By cancelling $\sin x+\cos x$, we get

$2I=\int\limits_{0}^{\dfrac{\pi }{2}}{\left( {{\sin }^{2}}x+{{\cos }^{2}}x-\sin x\cos x \right)dx}$

We know the formula ${{\sin }^{2}}x+{{\cos }^{2}}x=1$, we get

$2I=\int\limits_{0}^{\dfrac{\pi }{2}}{\left( 1-\sin x\times \cos x \right)dx}$

We know that

$ \sin 2x=2\sin x\times \cos x $

$  \dfrac{\sin 2x}{2}=\sin x\times \cos x $

The integral can be written as

$2I=\int\limits_{0}^{\dfrac{\pi }{2}}{\left( 1-\dfrac{\sin 2x}{2} \right)dx}$

We know the integration formula $\int{\sin nxdx=\dfrac{-\cos nx}{n}}$

By integrating the function inside the integral, we get

$2I=\int\limits_{0}^{\dfrac{\pi }{2}}{\left( 1-\dfrac{\sin 2x}{2} \right)dx}=\left[ x-\left( -\dfrac{\cos 2x}{2\times 2} \right) \right]_{0}^{\dfrac{\pi }{2}}=\left[ x+\dfrac{\cos 2x}{4} \right]_{0}^{\dfrac{\pi }{2}}$

By applying the limits, we get

$2I=\left( \dfrac{\pi }{2}+\dfrac{\cos 2\times \dfrac{\pi }{2}}{4} \right)-\left( 0+\dfrac{\cos 2\times 0}{4} \right)=\dfrac{\pi }{2}+\dfrac{-1}{4}-\dfrac{1}{4}=\dfrac{\pi }{2}-\dfrac{1}{2}=\dfrac{\pi -1}{2}$

Dividing by 2, we get

$I=\dfrac{\pi -1}{4}$

$\therefore $ The value of the integral $I=\int\limits_{0}^{\dfrac{\pi }{2}}{\dfrac{{{\sin }^{3}}x}{\sin x+\cos x}}dx=\dfrac{\pi -1}{4}$. 
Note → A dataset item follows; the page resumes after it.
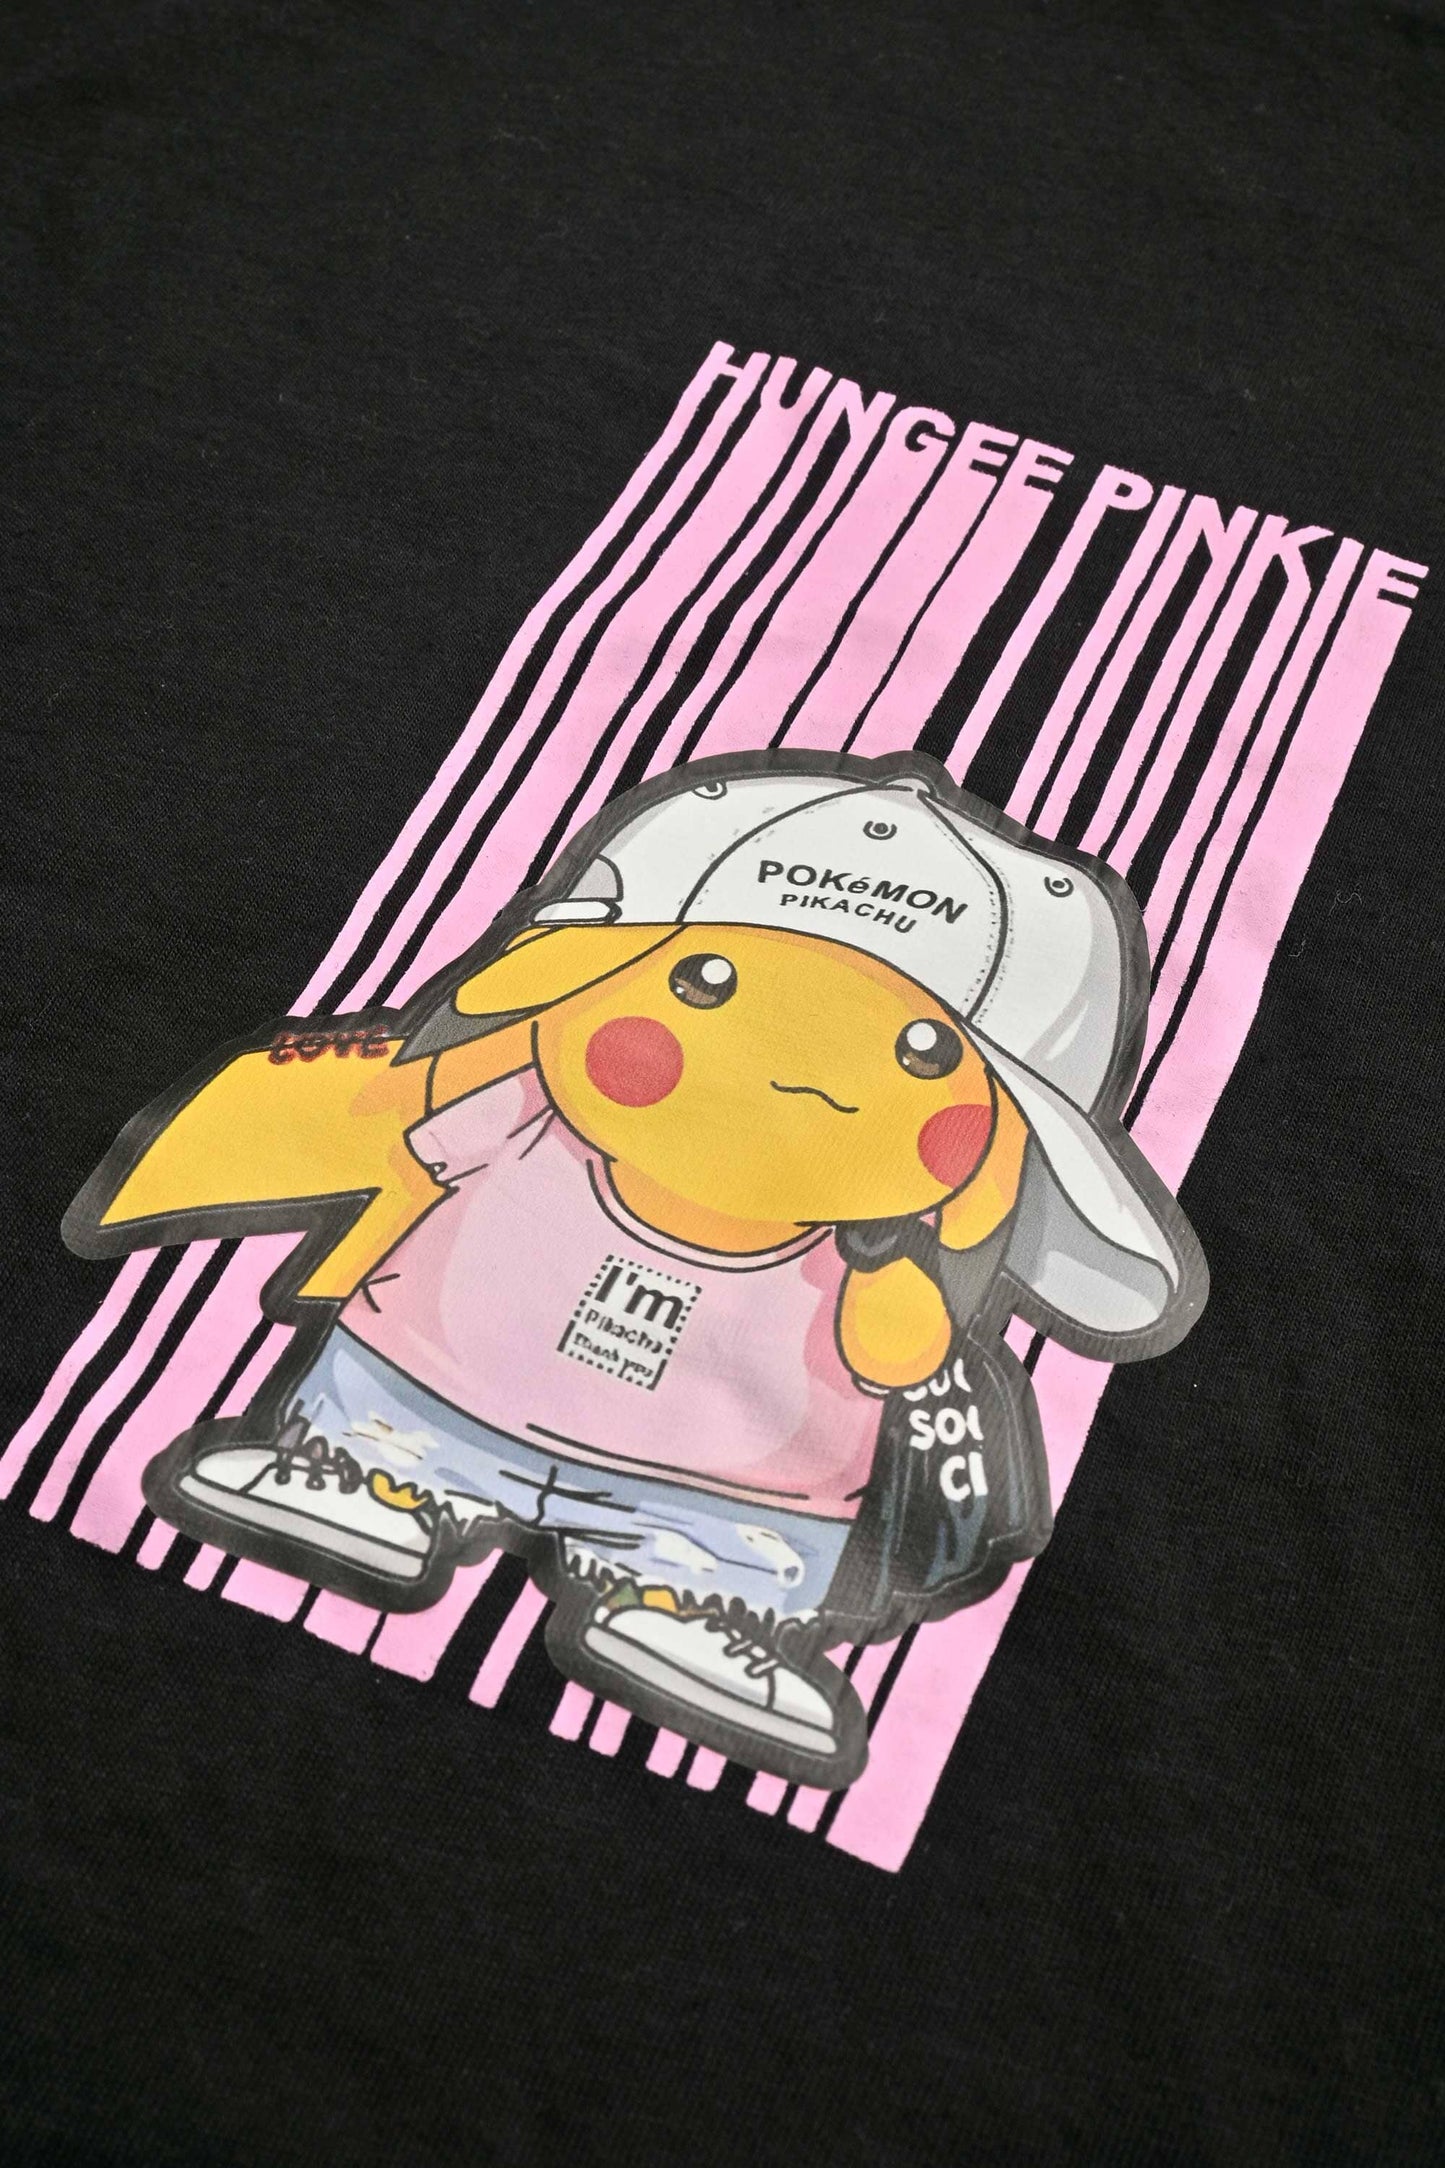 Polo Republica Boy's Pikachu Pinky Printed Tee Shirt Boy's Tee Shirt Polo Republica

Hence, the correct answer is option (C).

Note: Students might commit mistakes by forgetting the value of 2 in $2I$ and get an answer as $I=\dfrac{\pi -1}{2}$. There is option-D which contains the wrong option. Students, without dividing by 2, opt for the option-D. To avoid this mistake, it is always a good practice to write both L.H.S and R.H.S in every step even while doing the rough work. This method of writing eliminates the error.